WHAT TO PRODUCE >>
Print each line below verbatim, skipping every picture.

DATASET SECTION >>
________________
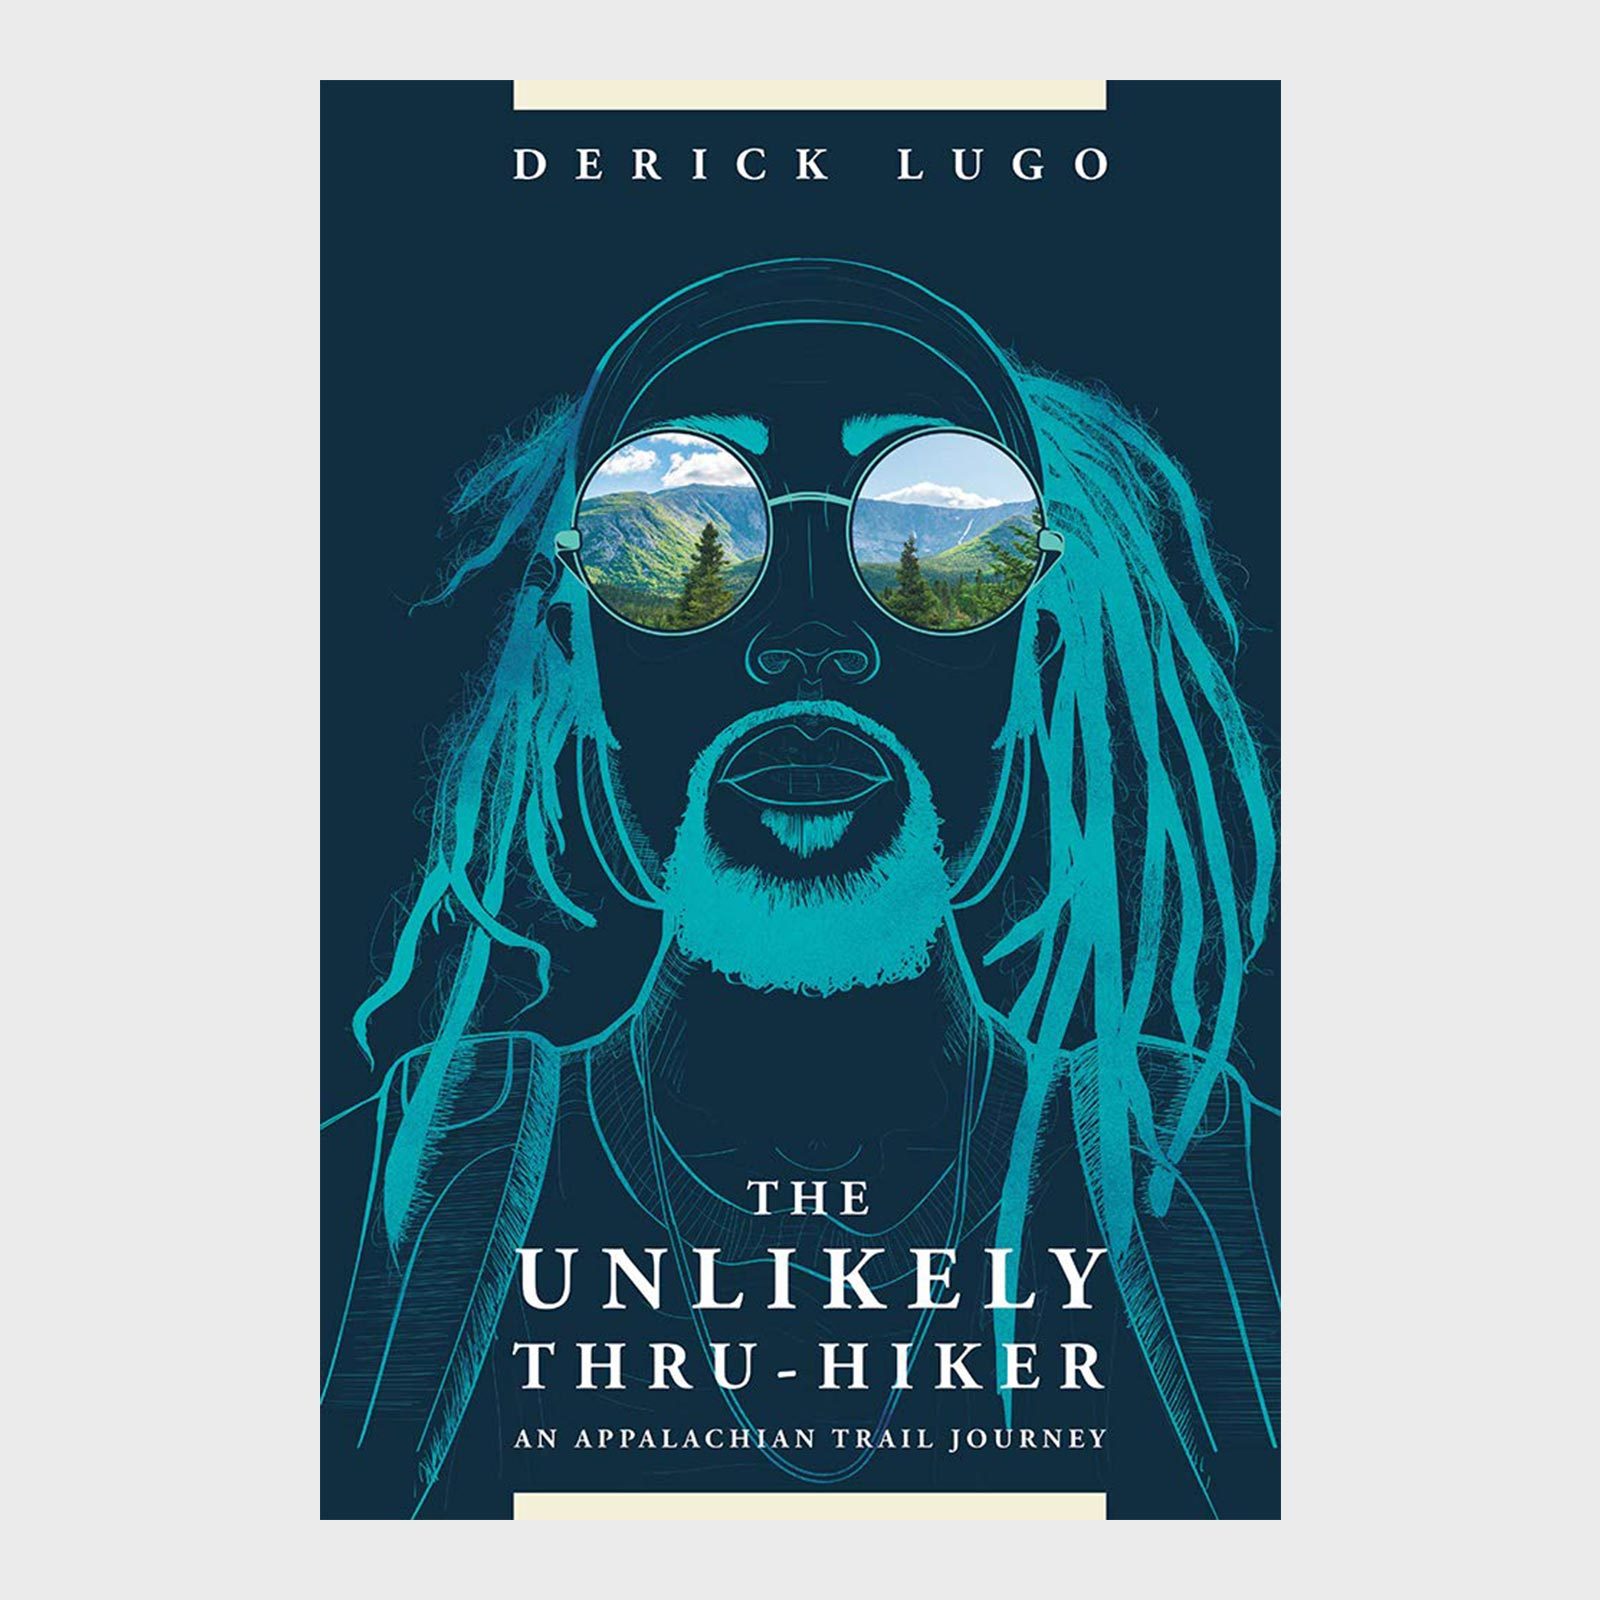 The Unlikely Thru-Hiker by Derick Lugo
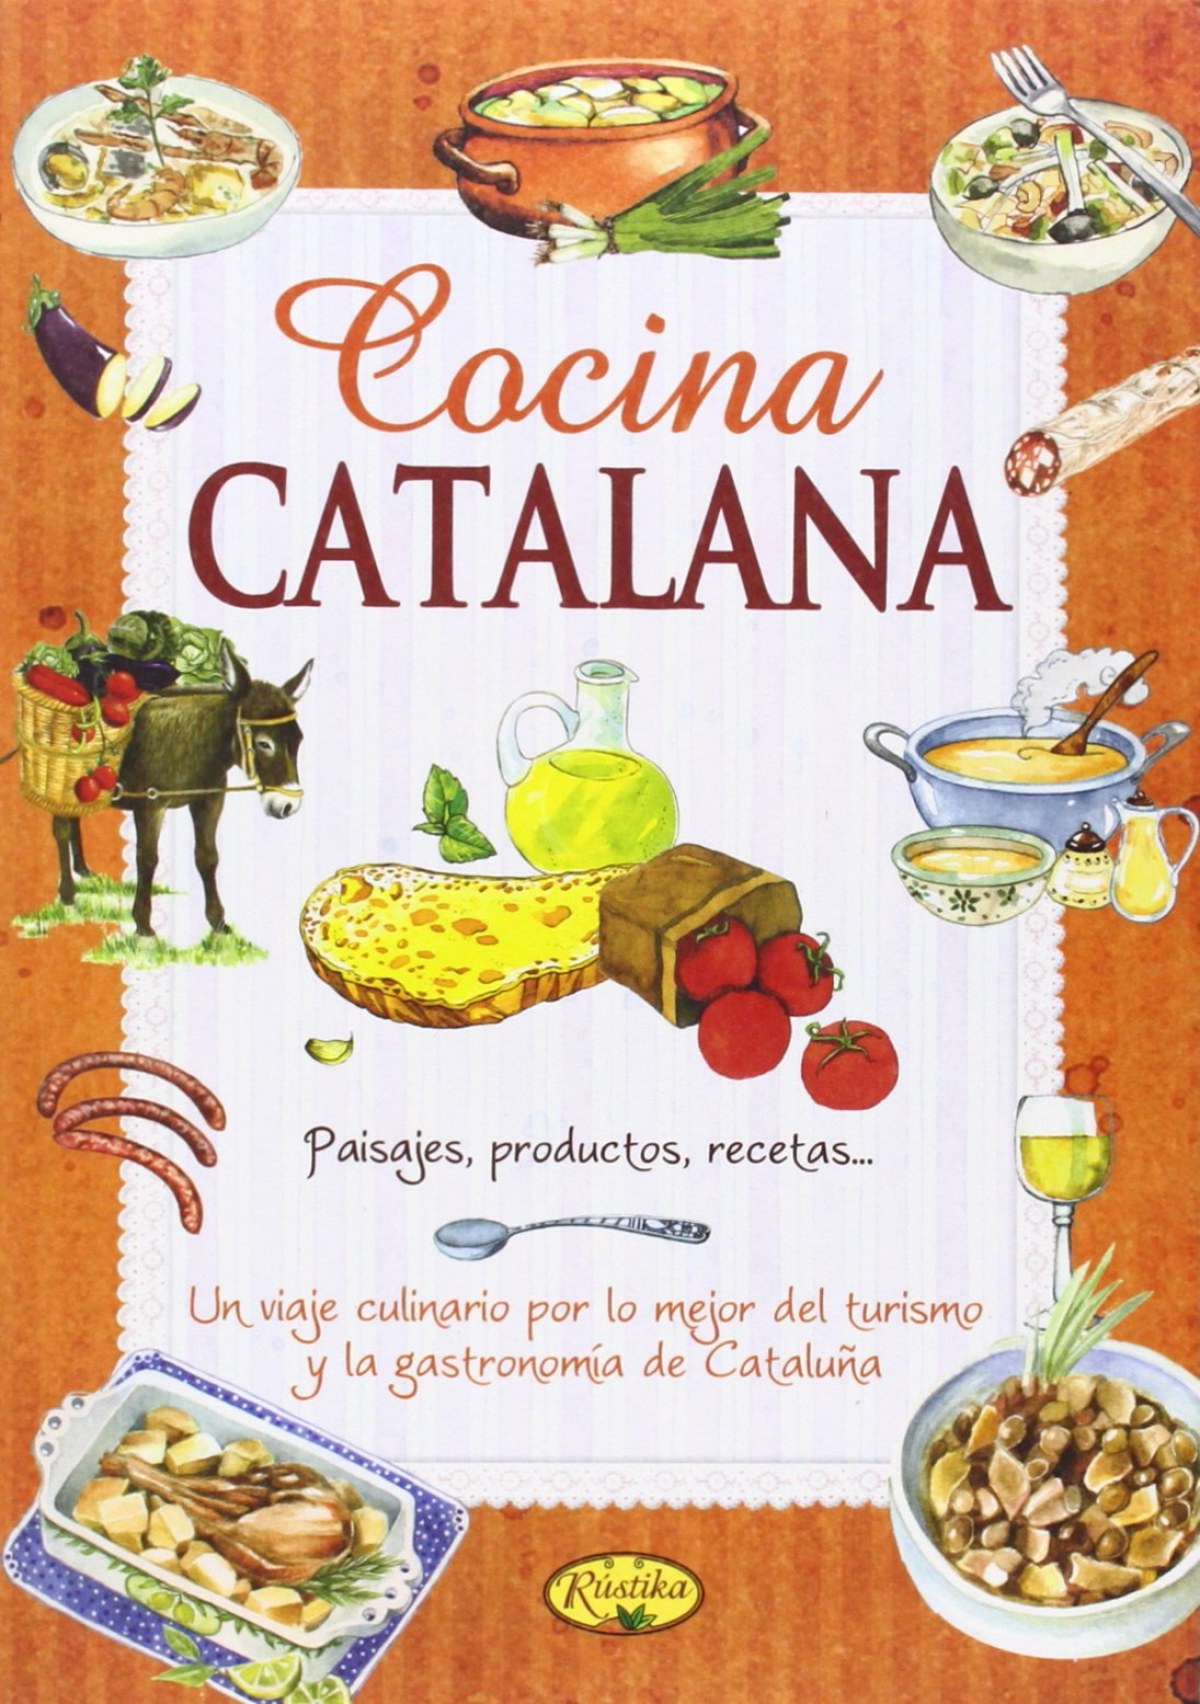 Cocina catalana - Vv.Aa.
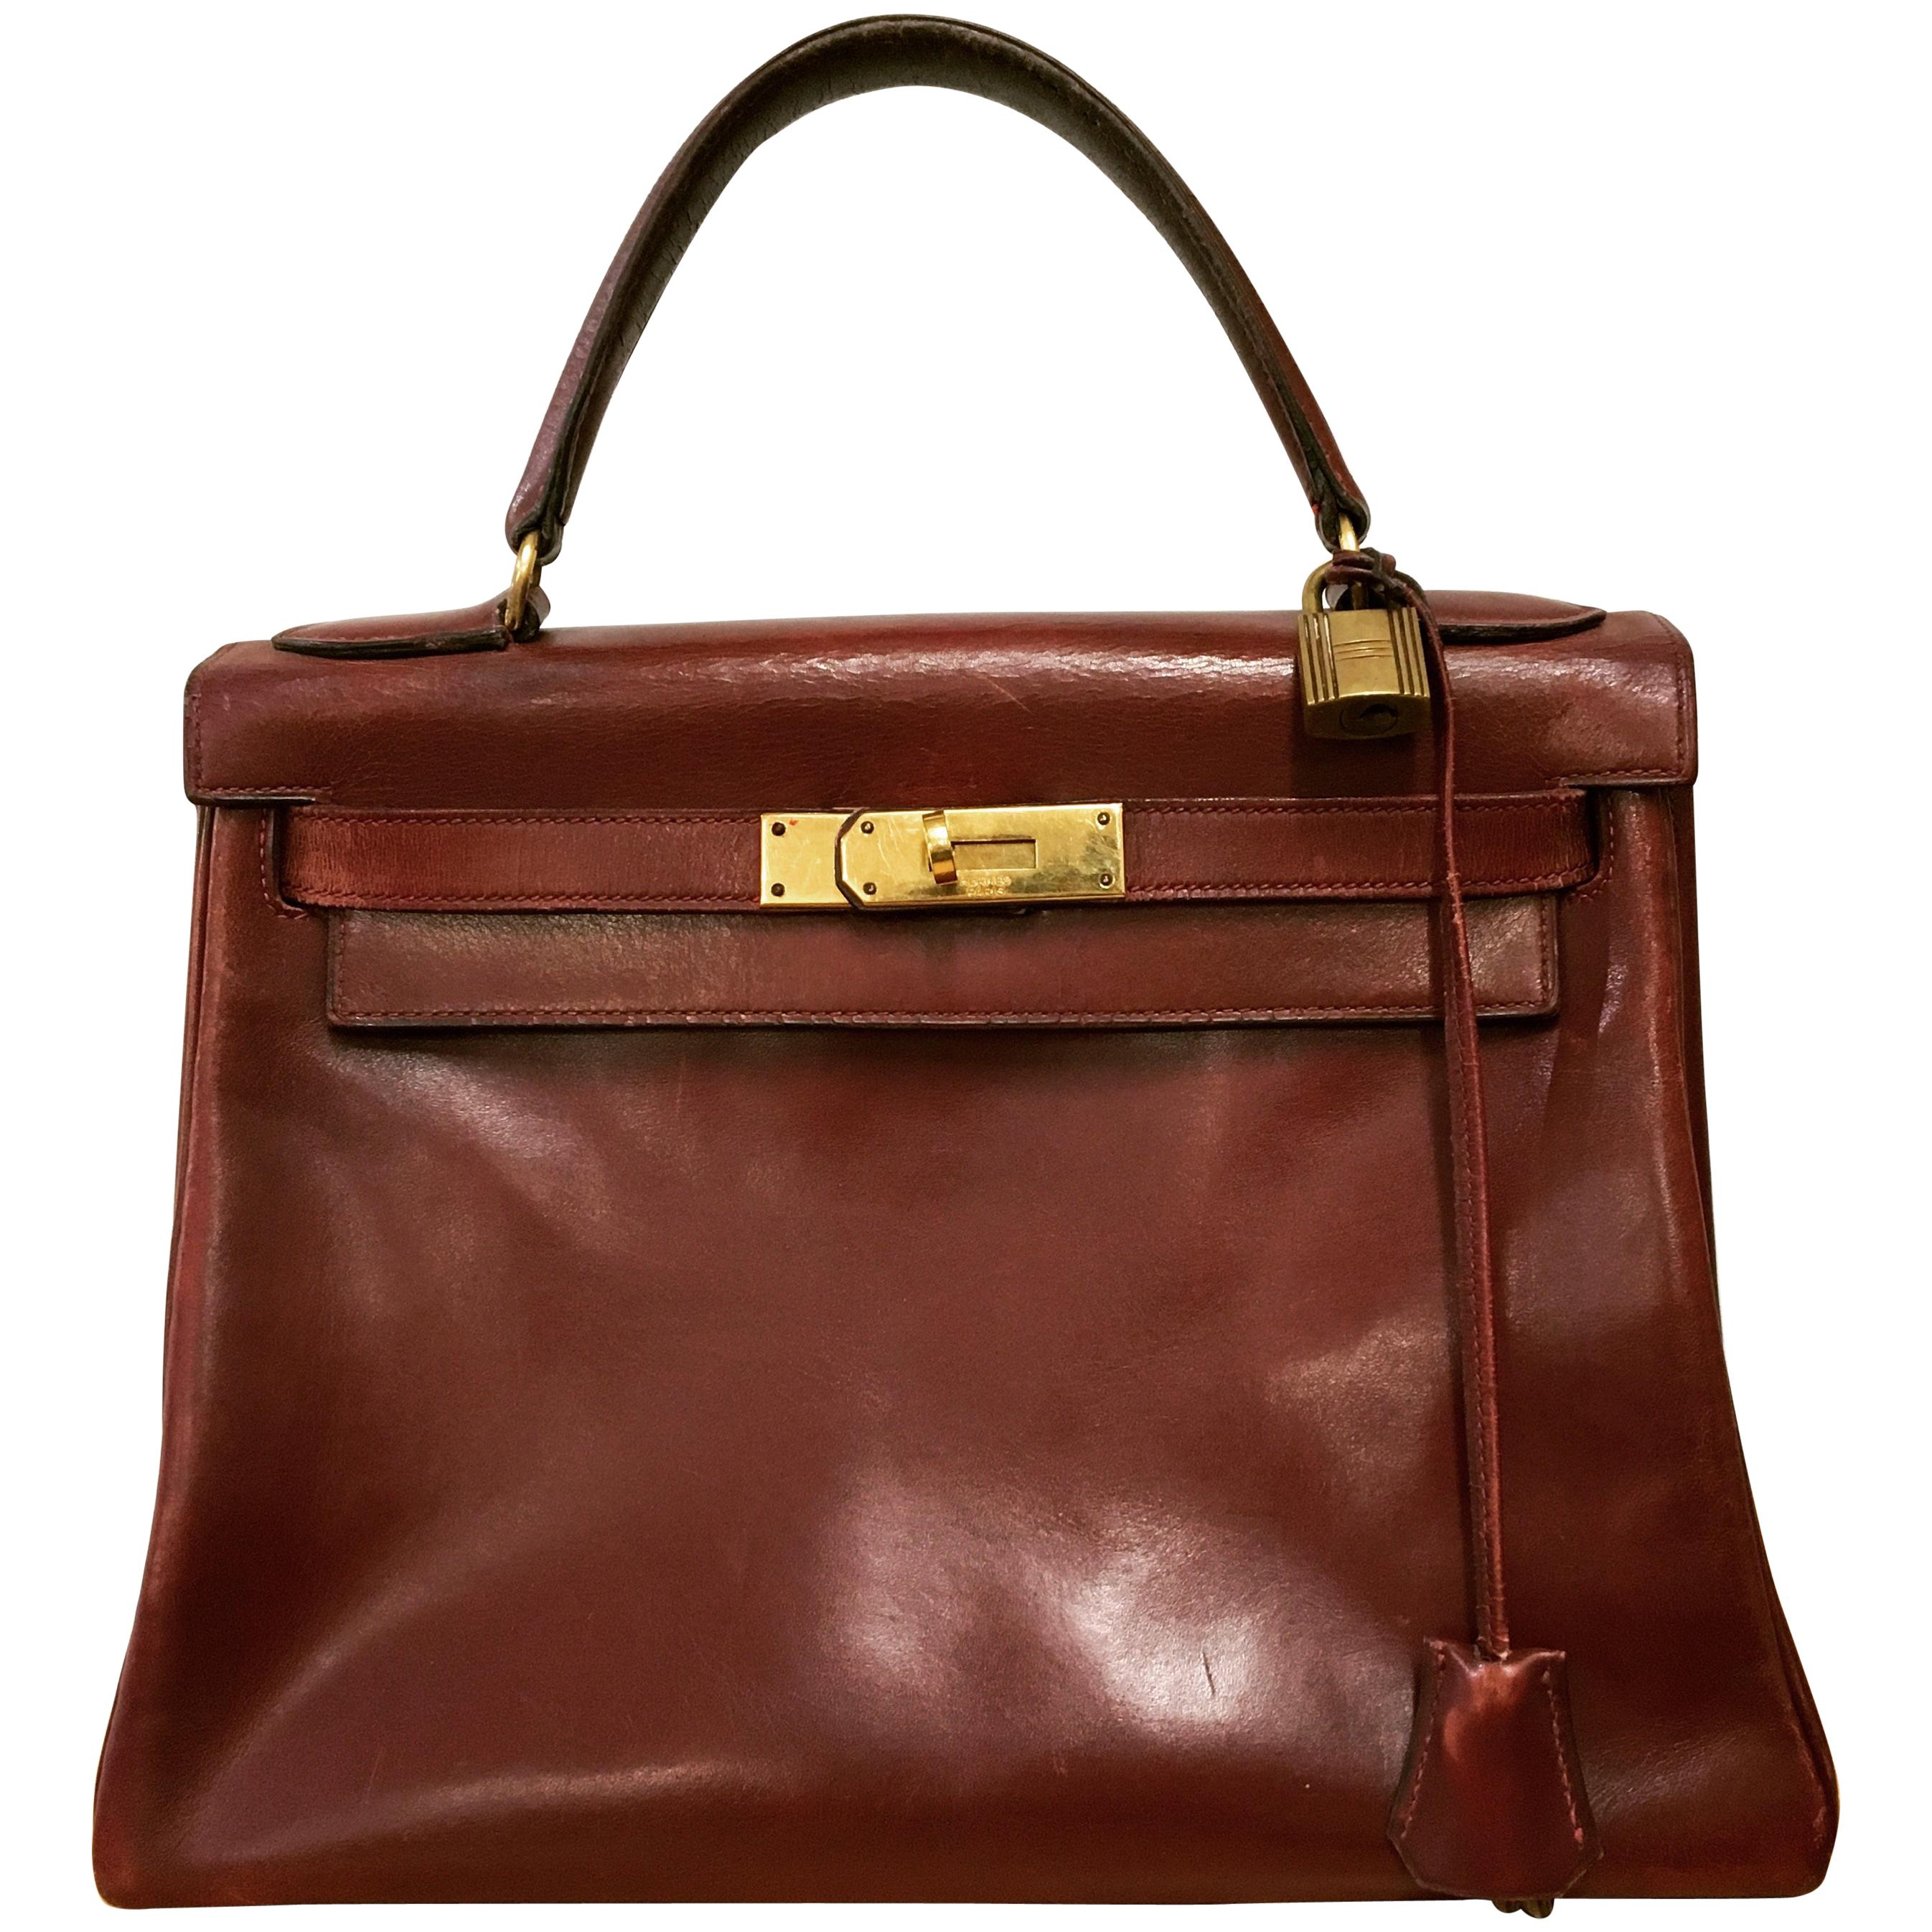  Hermès vintage 1950's marron/ burgundy leather Kelly bag.
________________
OUTPUT FOR THIS TASK >>
 The Unlikely Thru-Hiker by Derick Lugo
 Cocina catalana - Vv.Aa.
  Hermès vintage 1950's marron/ burgundy leather Kelly bag.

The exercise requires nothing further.